What the task requires => Give the data below again exactly as written, without its pictures.

---- Dataset excerpt

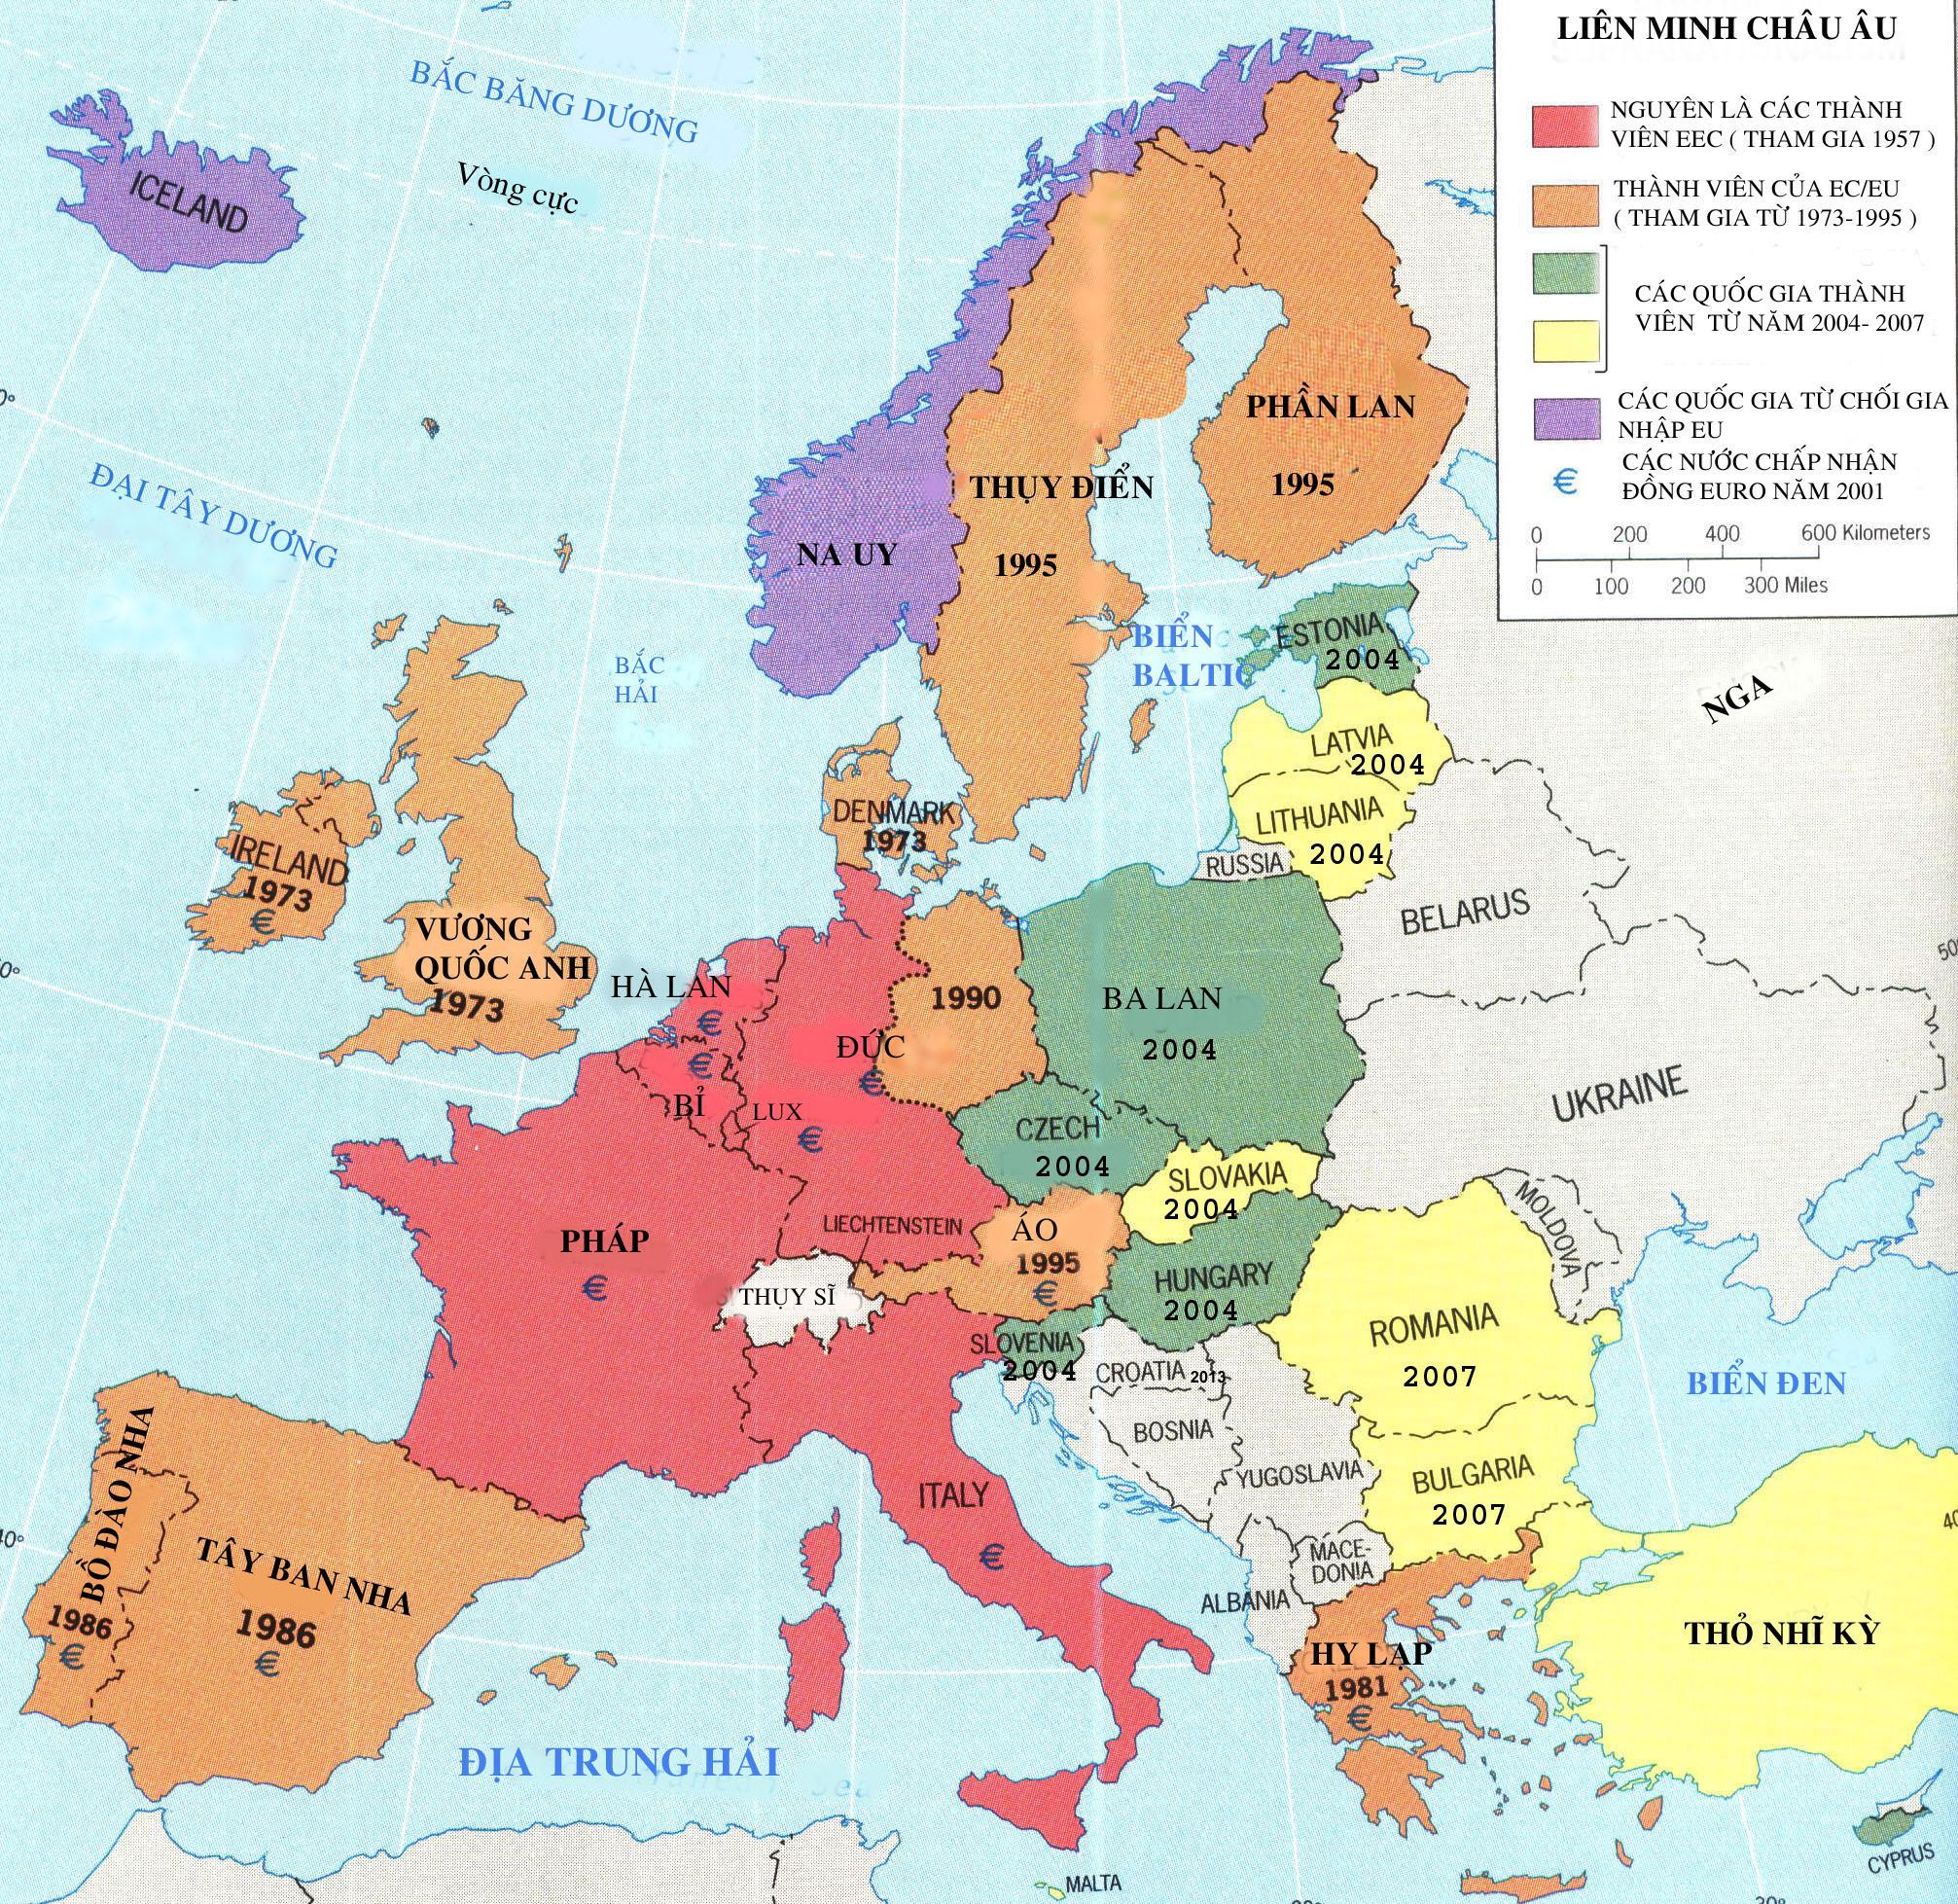 Bản đồ các nước ở Châu Âu bằng tiếng việt
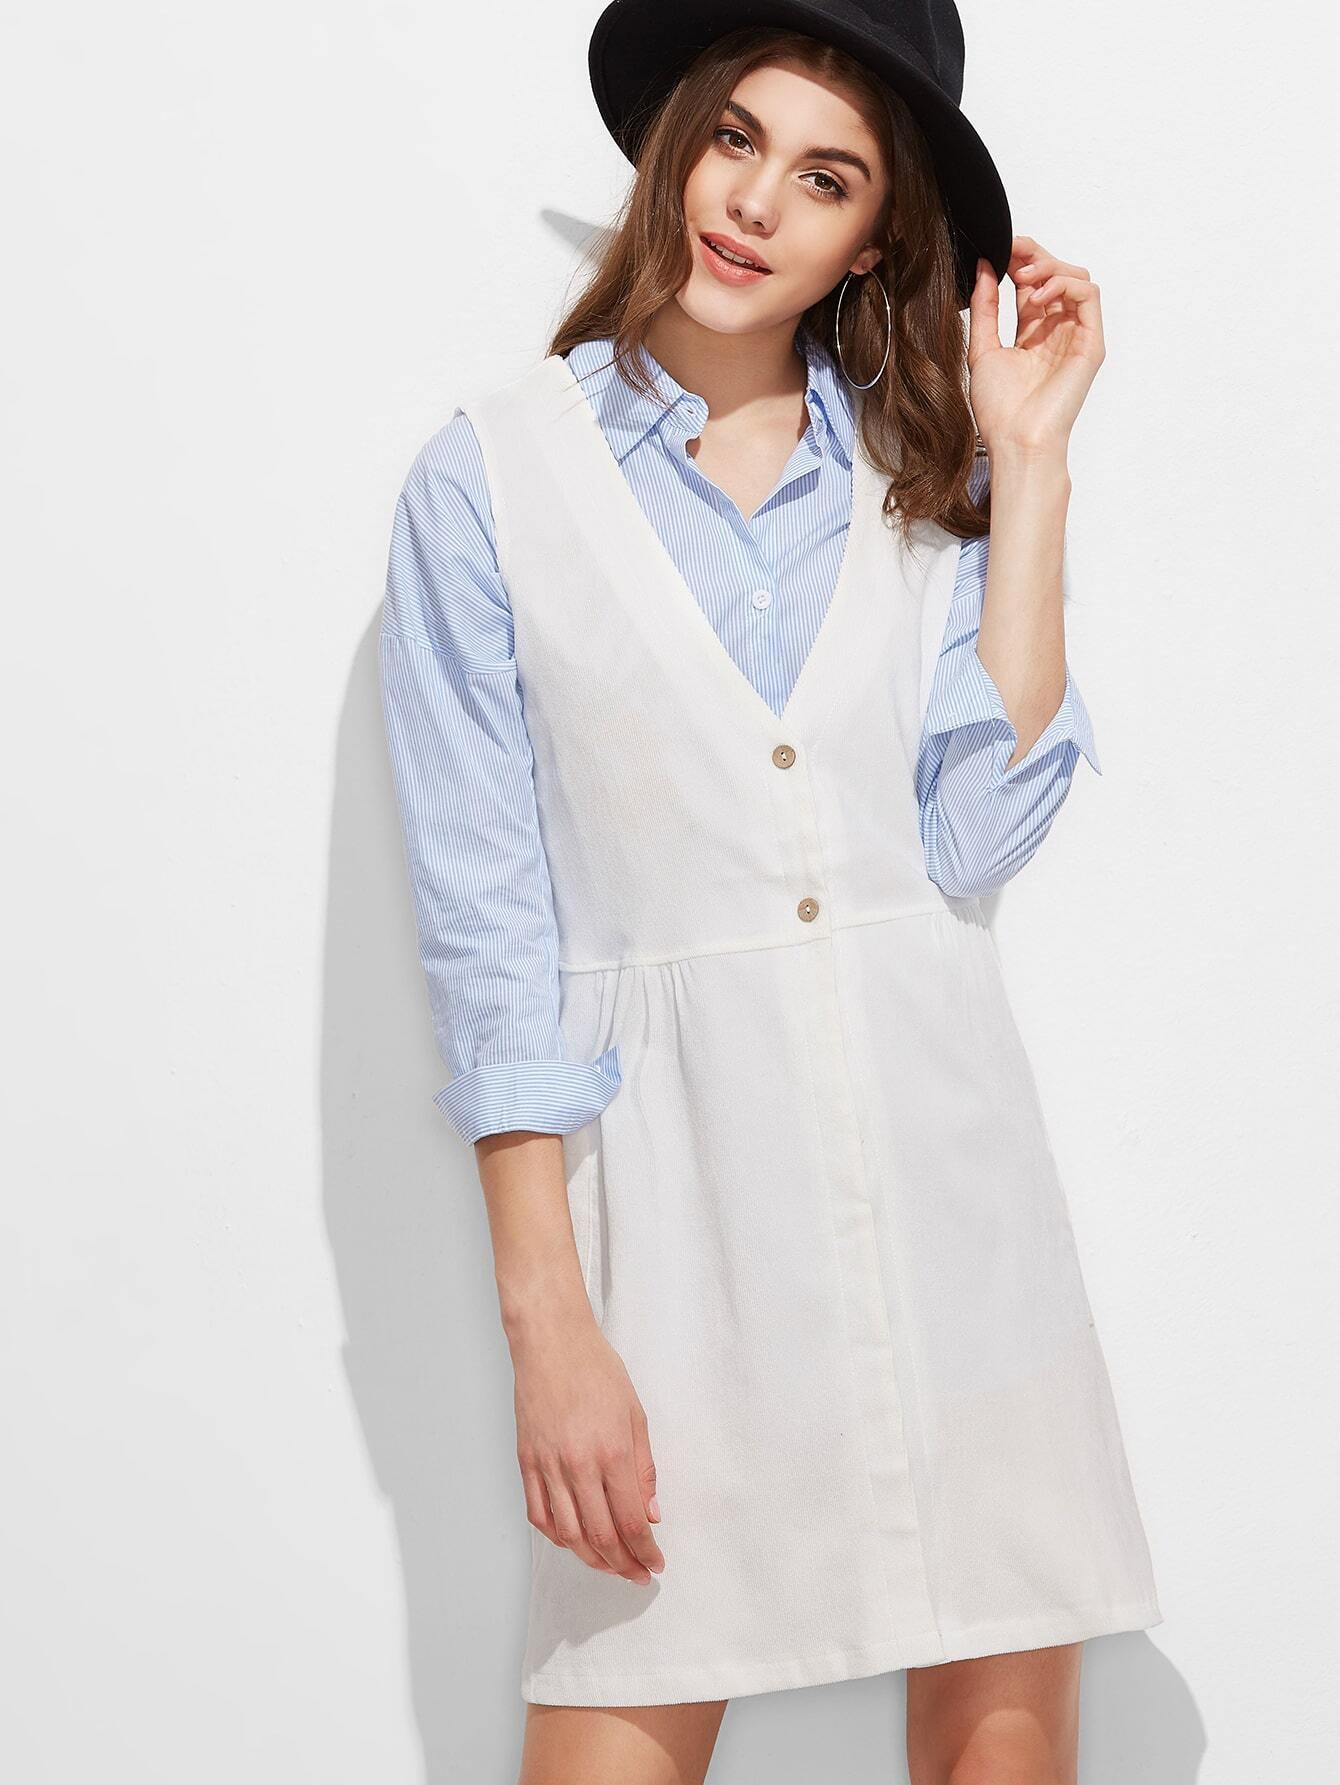 White Deep V Neck Pinafore DressWhite Deep V Neck Pinafore Dress<br><br>color: White<br>size: one-size
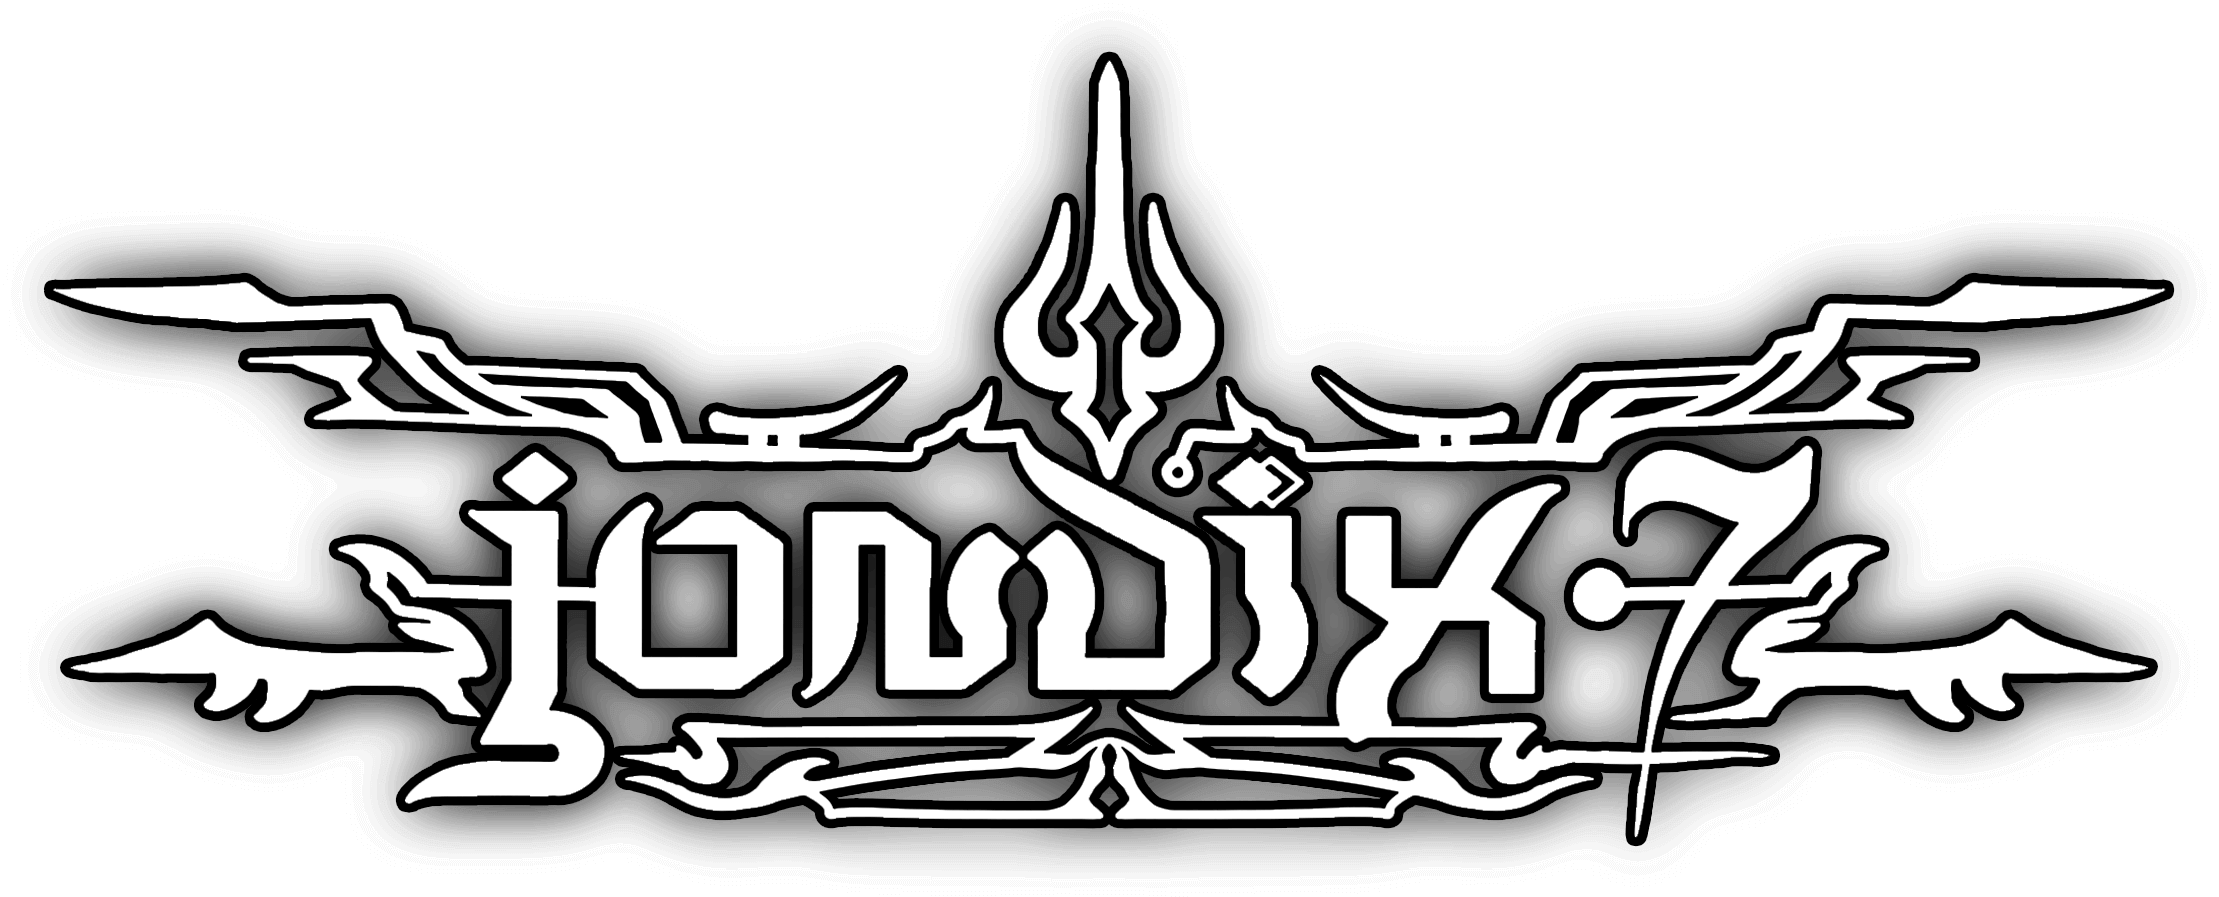 Jon Diaz Logo

--------

Solution to the problem =>
 Bản đồ các nước ở Châu Âu bằng tiếng việt
 White Deep V Neck Pinafore DressWhite Deep V Neck Pinafore Dress<br><br>color: White<br>size: one-size
 Jon Diaz Logo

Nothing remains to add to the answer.